Now too the power of that terrible engine of oppression, the Byzantine taxing-system, began to make itself felt in Italy. Justinian's first care with all his conquests was to make them pay. With an extravagant wife, a pompous and costly court, with that rage for building which seems to be engendered by the very air of Constantinople, with multitudes of hostile tribes hovering round his frontiers who required constant bribes to prevent them from exposing the showy weakness of his Empire, with all these many calls upon him Justinian was perpetually in need of money; and the scourge, the rack, the squalid dungeon, as we have seen in the last chapter, were freely used in order to obtain it. That odious analogy to a great Roman household which had now thoroughly established itself in the once free commonwealth of Rome, and which made the Emperor a master and his subjects slaves, seemed to justify any excess of rapine. If we could scrutinize the heart of the Dardanian peasant's son who sat on the throne of the Caesars, we should probably find that his secret thought was something like this : “It is the business of my generals to conquer for me new provinces. The inhabitants of those provinces become my slaves, and must pay whatever I command them. It is my privilege to spend the money which I condescend to receive from them exactly for such purposes as I choose”

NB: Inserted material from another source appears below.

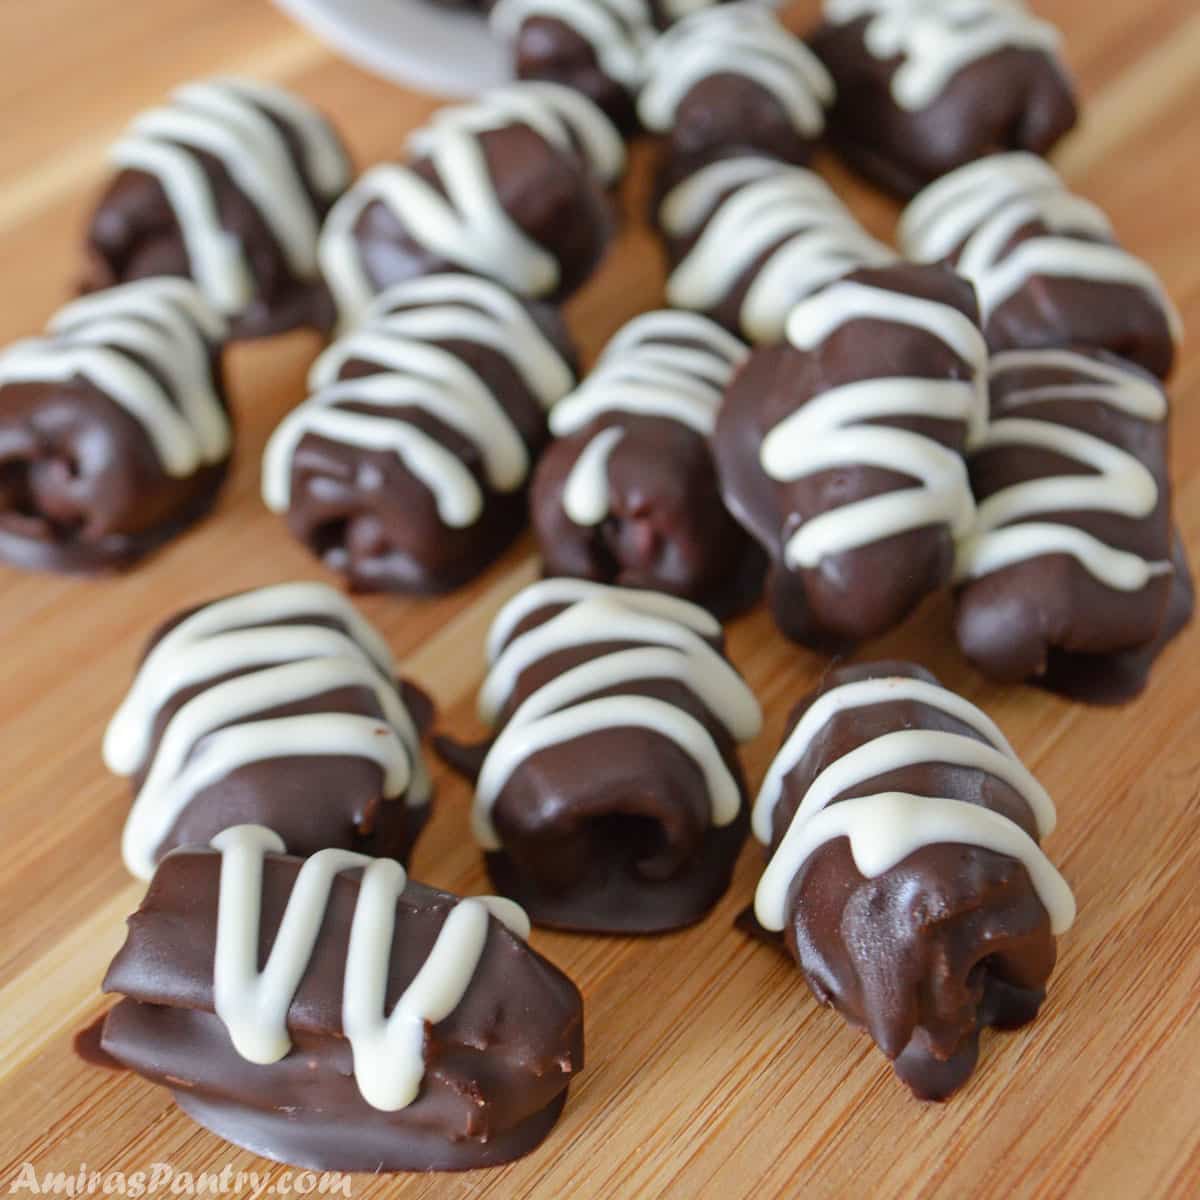 Chocolate covered dates scattered on a wooden surface.

With these high notions of prerogative in his mind, Justinian became one of the most ruinous governors to his Empire that the world has ever seen. The reader need not be reminded of the dreary story of fiscal oppression which in Constantinople, in Africa, in Lydia, has already met his view. The eighteen new taxes with fearful and unheard-of names, the stringently-exercised rights of pre-emption, the cruel angaria which, like the French corvees, consumed the strength of the peasant in unremunerated labour, all these made the yoke of the Emperor terrible to his subjects. And yet, as was before pointed out, notwithstanding this extreme rigor in collecting the taxes, the reproductive expenditure of the Empire was not attended to : the aqueducts were not kept up, the cursus publicus or public post, the best legacy received from the flourishing days of the Empire, was suffered to fell into irretrievable ruin. Everywhere the splendour of the reign of Justinian— and there was splendour and an appearance of prosperity about it—was obtained by living upon the capital of the country. Everywhere, by his fiscal oppression as well as by his persecuting attempts to produce religious conformity, he was preparing the provinces of the East, pale, emaciated, and miserable, for the advent of the Moslem conquerors, who, within a century of his death, were to win the fairest of them, and were to hold them even to our own day.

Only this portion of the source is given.